Bien que l'apprentissage supervisé et non supervisé soient les bases de l'application de l'intelligence artificielle dans la découverte de médicaments, avant de pouvoir appliquer ces techniques, il est essentiel de comprendre ce qu'est une molécule et comment elle peut être représentée de manière adéquate pour l'analyse informatique. Une molécule est constituée de deux ou plusieurs atomes chimiquement liés entre eux par des liaisons covalentes, où les atomes partagent des électrons pour atteindre une configuration stable. Il existe aussi des liaisons non covalentes, qui sont des interactions électromagnétiques entre les atomes au sein d'une molécule et entre les molécules elles-mêmes, mais elles sont moins fortes que les liaisons covalentes.

Une représentation informatique courante des molécules est le SMILES (Simplified Molecular Input Line Entry System), qui est un langage simplifié permettant de représenter les structures chimiques sous forme de chaînes de caractères. SMILES est conçu de manière à ce que les chimistes puissent intuitivement comprendre la structure d'une molécule en lisant cette chaîne.
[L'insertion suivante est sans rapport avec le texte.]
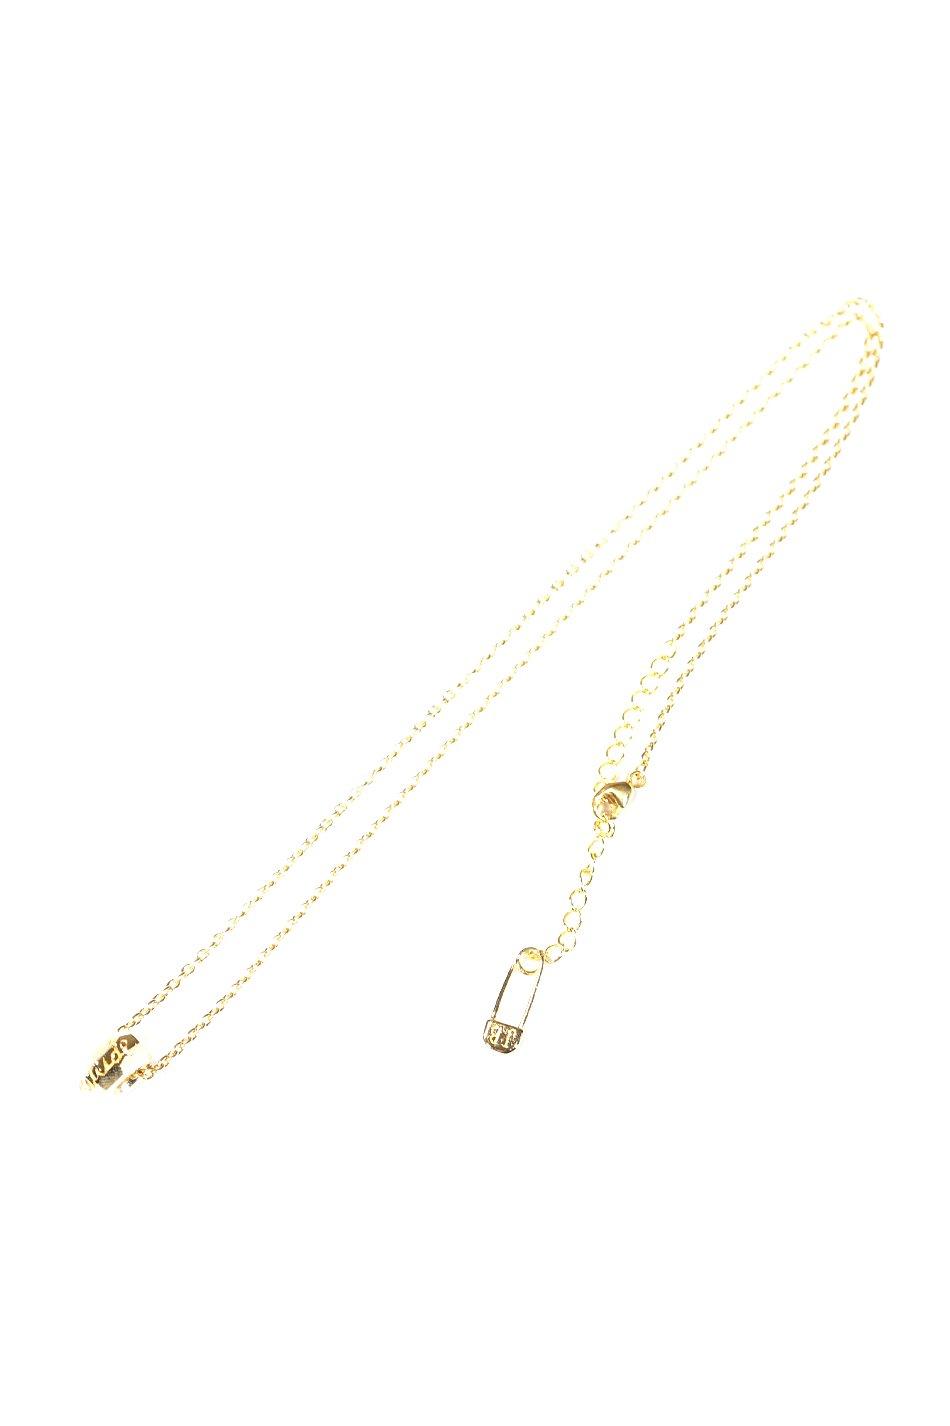 Cut Beads Necklace 14KGFLD

Par exemple, la molécule de méthane (CH₄) peut être représentée par la simple lettre C, tandis que le dioxyde de carbone (CO₂) est représenté par O=C=O. SMILES utilise une série de règles grammaticales et de symboles pour décrire les liaisons et les atomes d'une molécule, facilitant ainsi leur traitement informatique.

La normalisation SMILES permet d'obtenir une représentation unique et standardisée d'une molécule, garantissant que des structures chimiquement équivalentes soient toujours représentées de la même manière, ce qui est crucial pour éviter toute ambiguïté dans les comparaisons de structures chimiques. Grâce à des algorithmes de canonisation, il est possible d'obtenir une version standardisée de la chaîne SMILES pour toute molécule donnée, indépendamment de la manière dont elle a été initialement écrite.

L'utilisation de ces représentations moléculaires est essentielle dans le contexte de l'apprentissage automatique pour la découverte de médicaments, car elles permettent de structurer les informations chimiques et de les rendre accessibles à des algorithmes d'apprentissage qui peuvent ensuite prédire des propriétés ou classer des molécules selon diverses catégories. Ces méthodes, basées sur l'apprentissage supervisé et non supervisé, sont au cœur des innovations récentes dans la découverte de médicaments, offrant de nouvelles perspectives pour l'identification et l'optimisation de composés pharmaceutiques.